**WHAT IS BEING ASKED:** In the entries that follow, the lines from the line containing "Intip Detail Sneaker sacai" up to and including the line containing "Розовая футболки футболка" must be copied exactly, with pictures omitted.

**MATERIALS PROVIDED:**

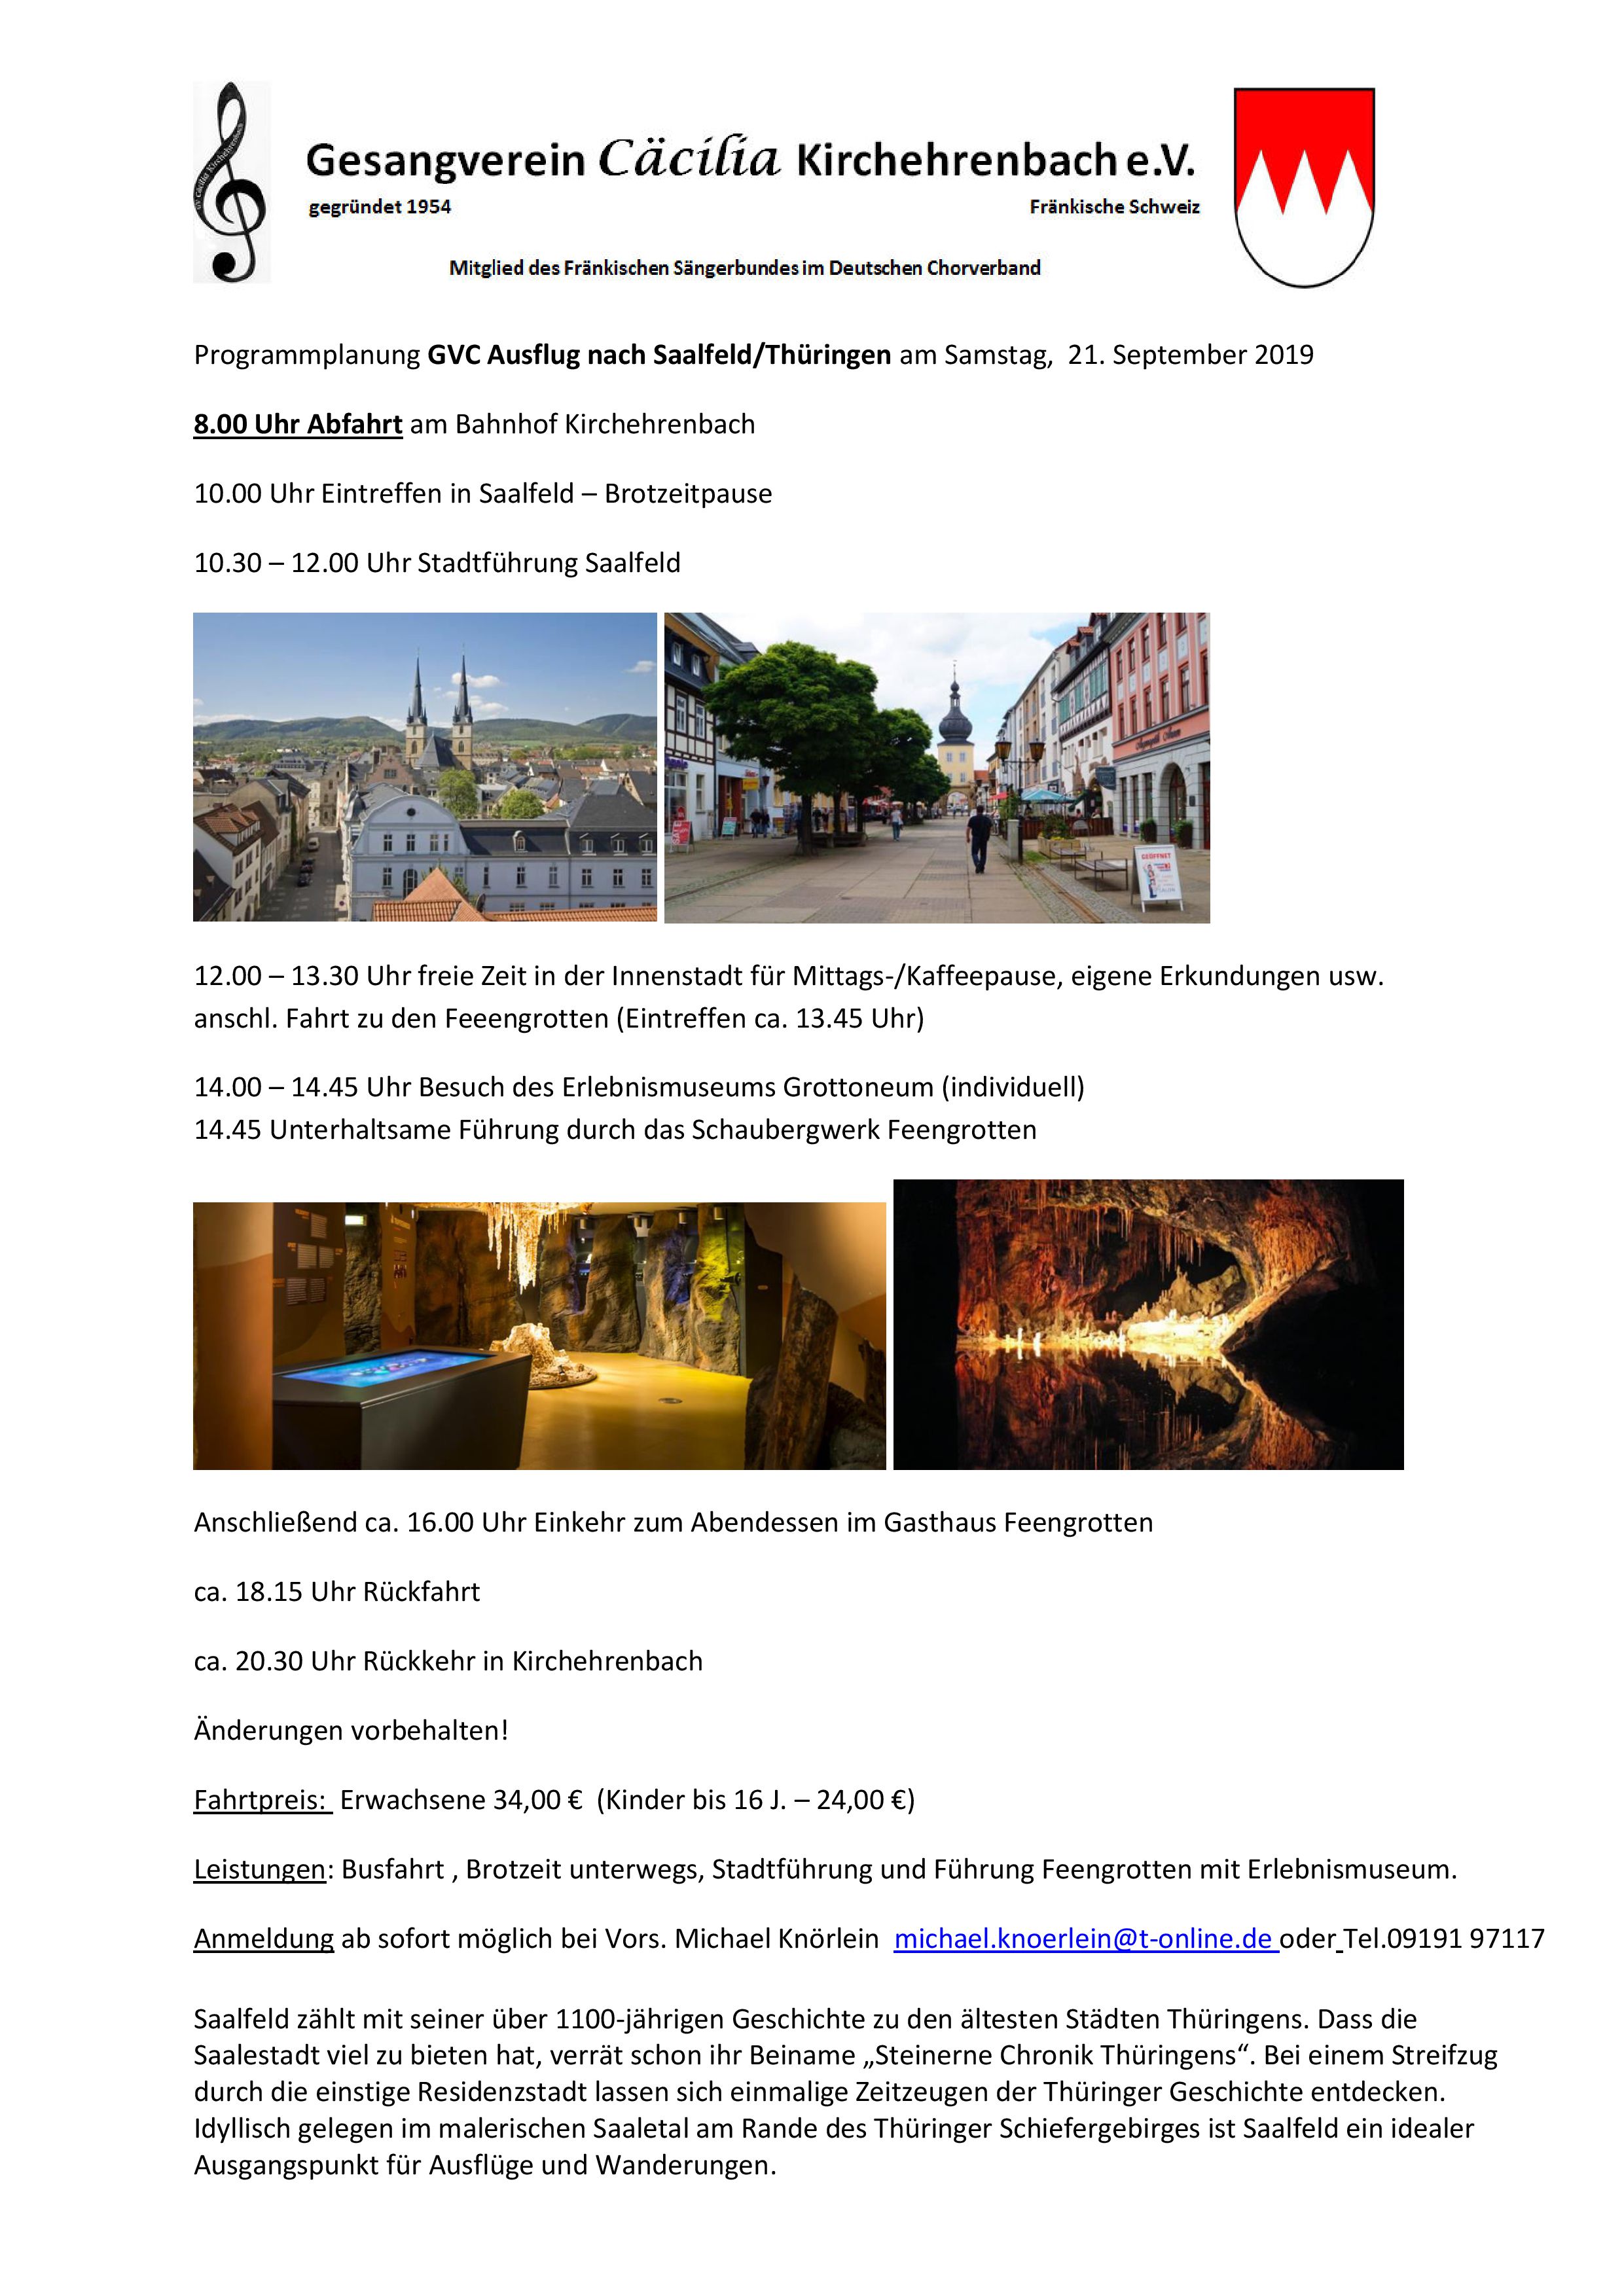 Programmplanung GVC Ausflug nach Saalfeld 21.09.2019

==

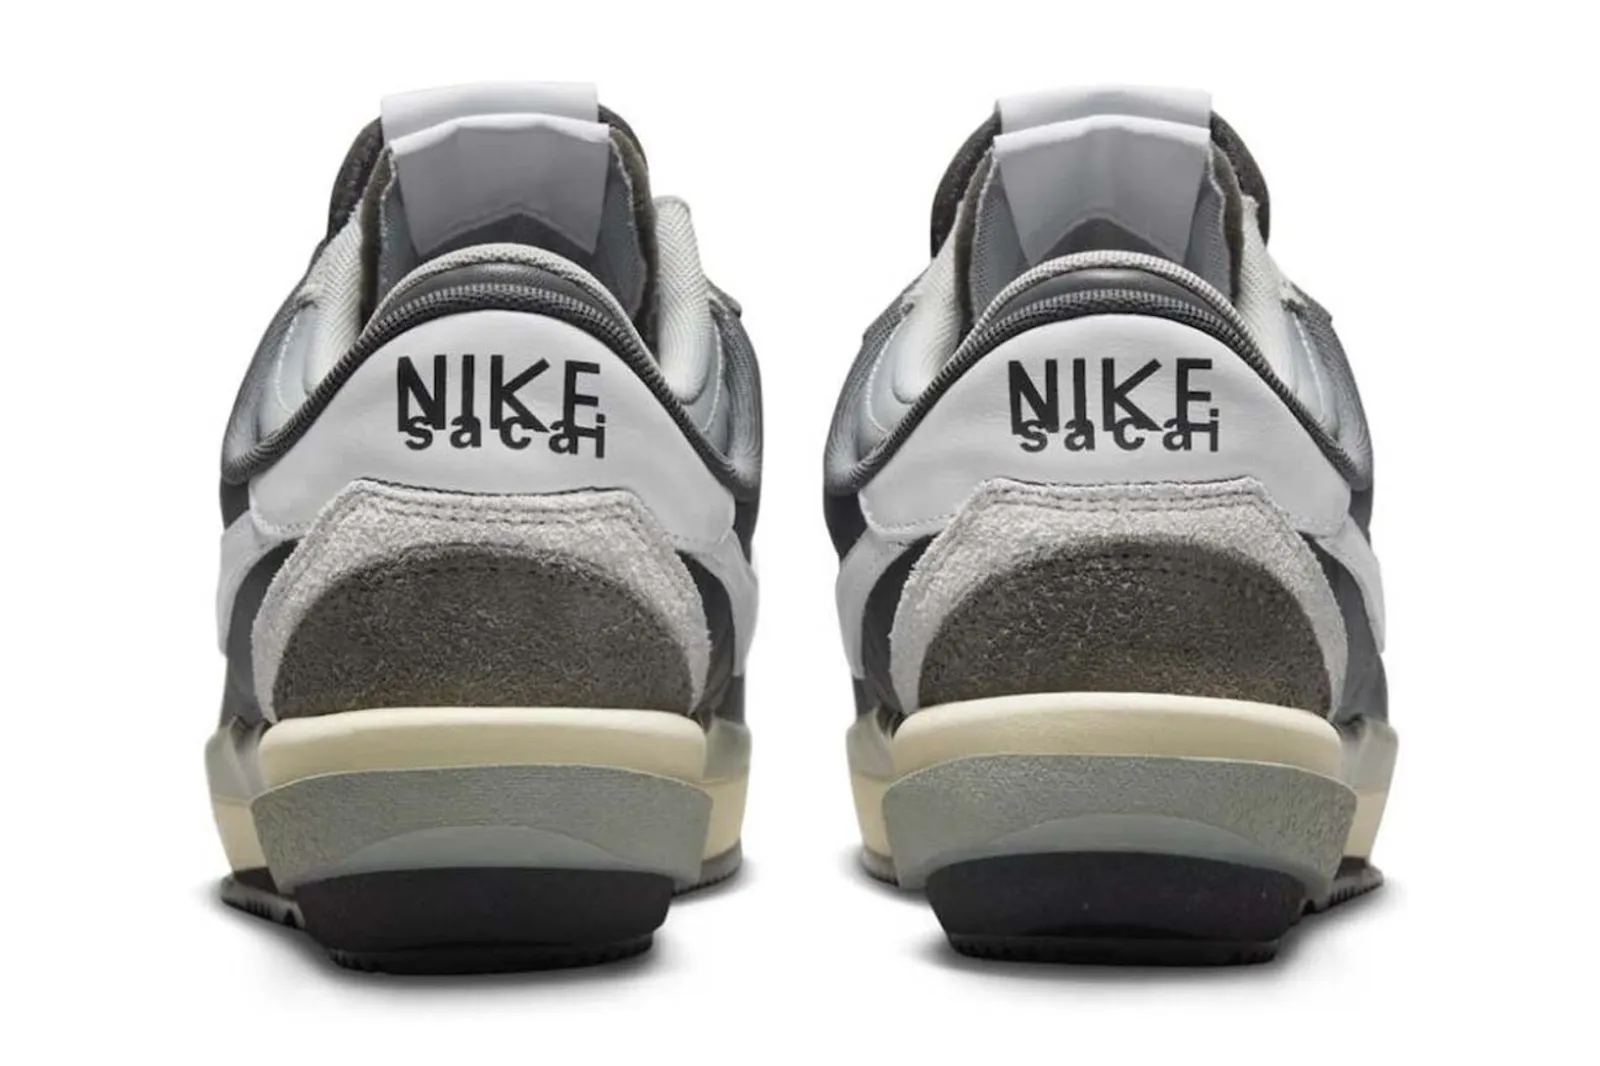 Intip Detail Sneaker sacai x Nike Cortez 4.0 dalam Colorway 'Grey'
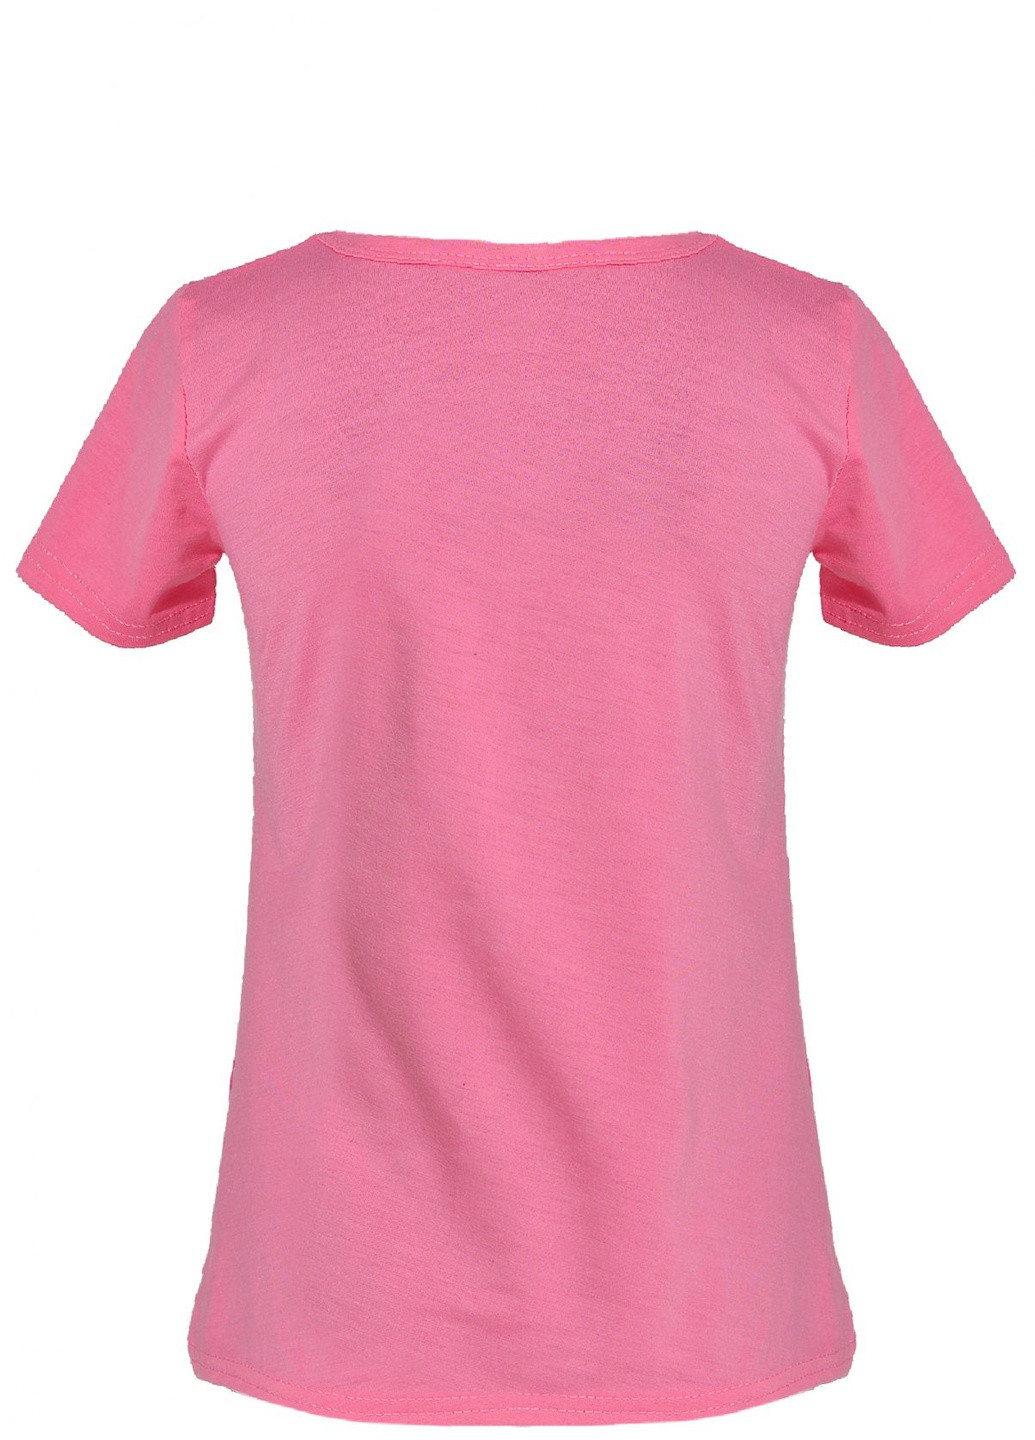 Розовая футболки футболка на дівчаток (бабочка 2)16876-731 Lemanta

==

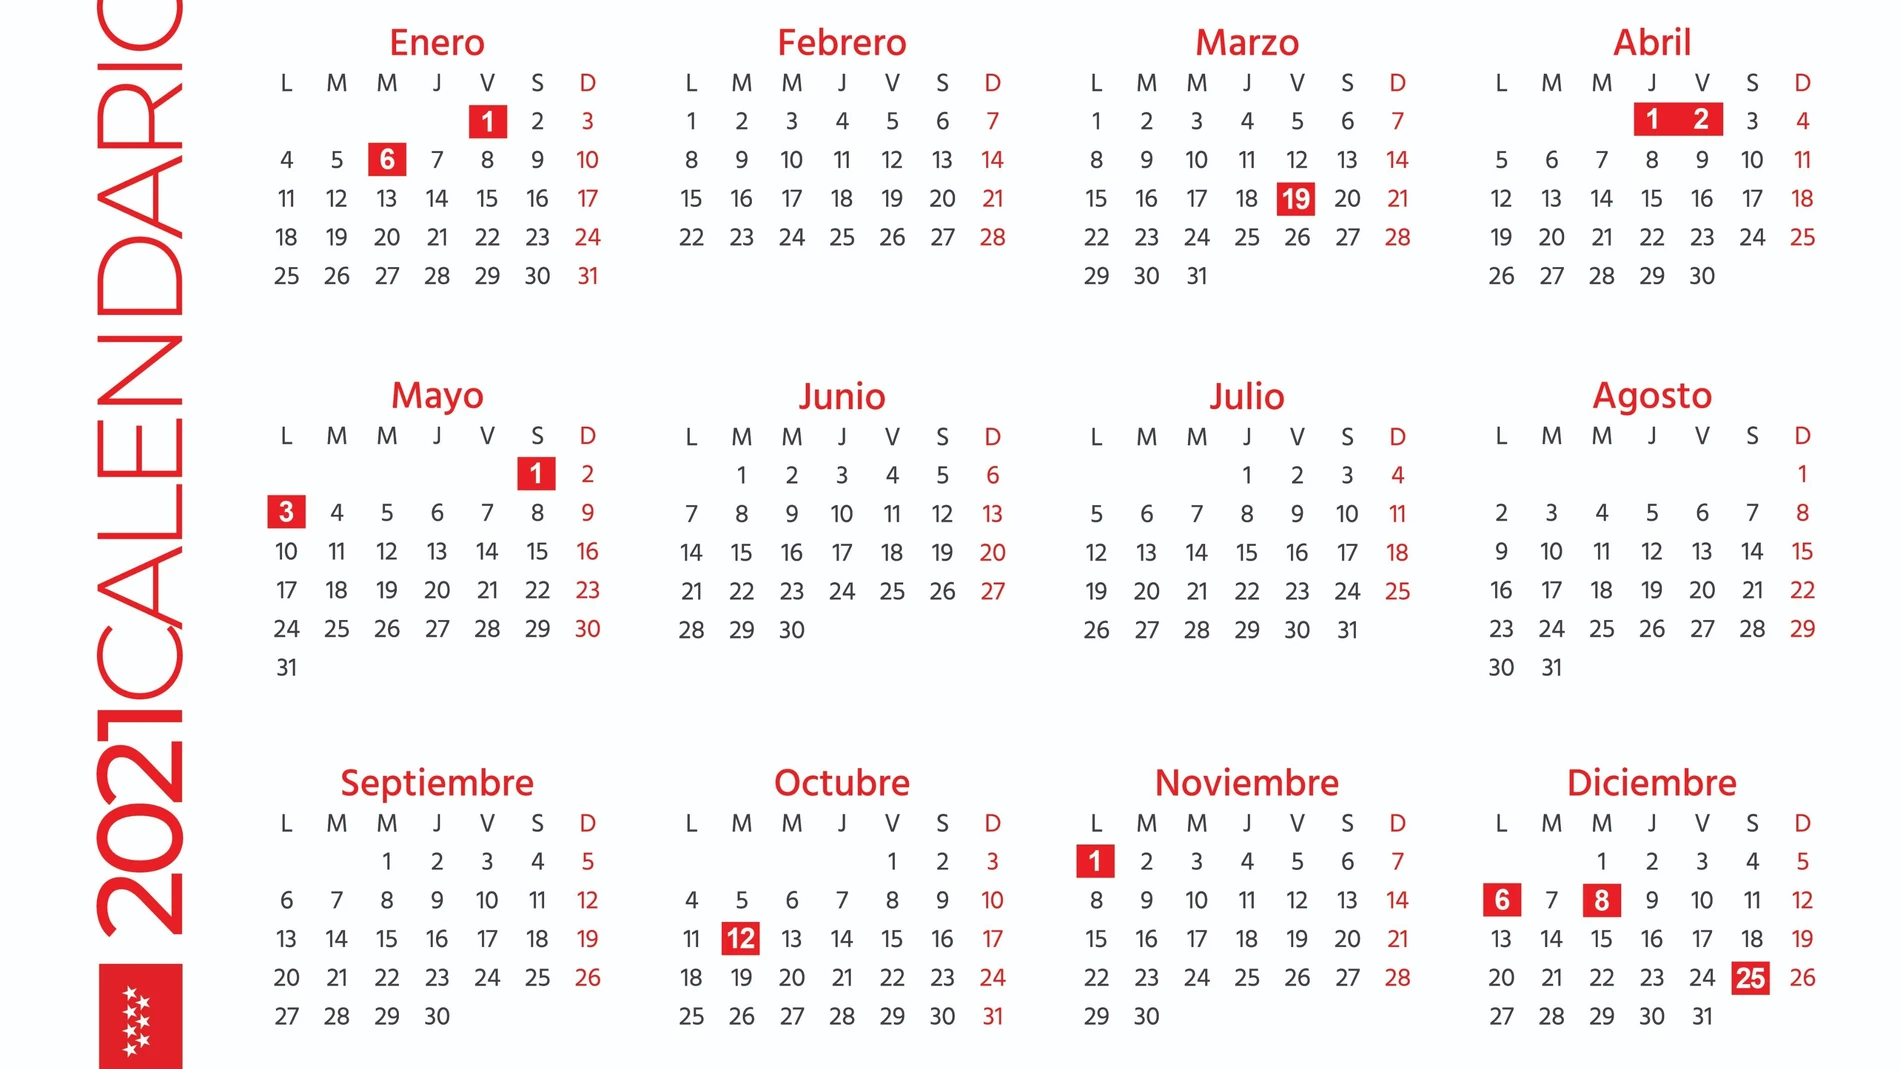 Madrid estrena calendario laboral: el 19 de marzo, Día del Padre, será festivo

**RESULT OF THE EXERCISE:**
 Intip Detail Sneaker sacai x Nike Cortez 4.0 dalam Colorway 'Grey'
 Розовая футболки футболка на дівчаток (бабочка 2)16876-731 Lemanta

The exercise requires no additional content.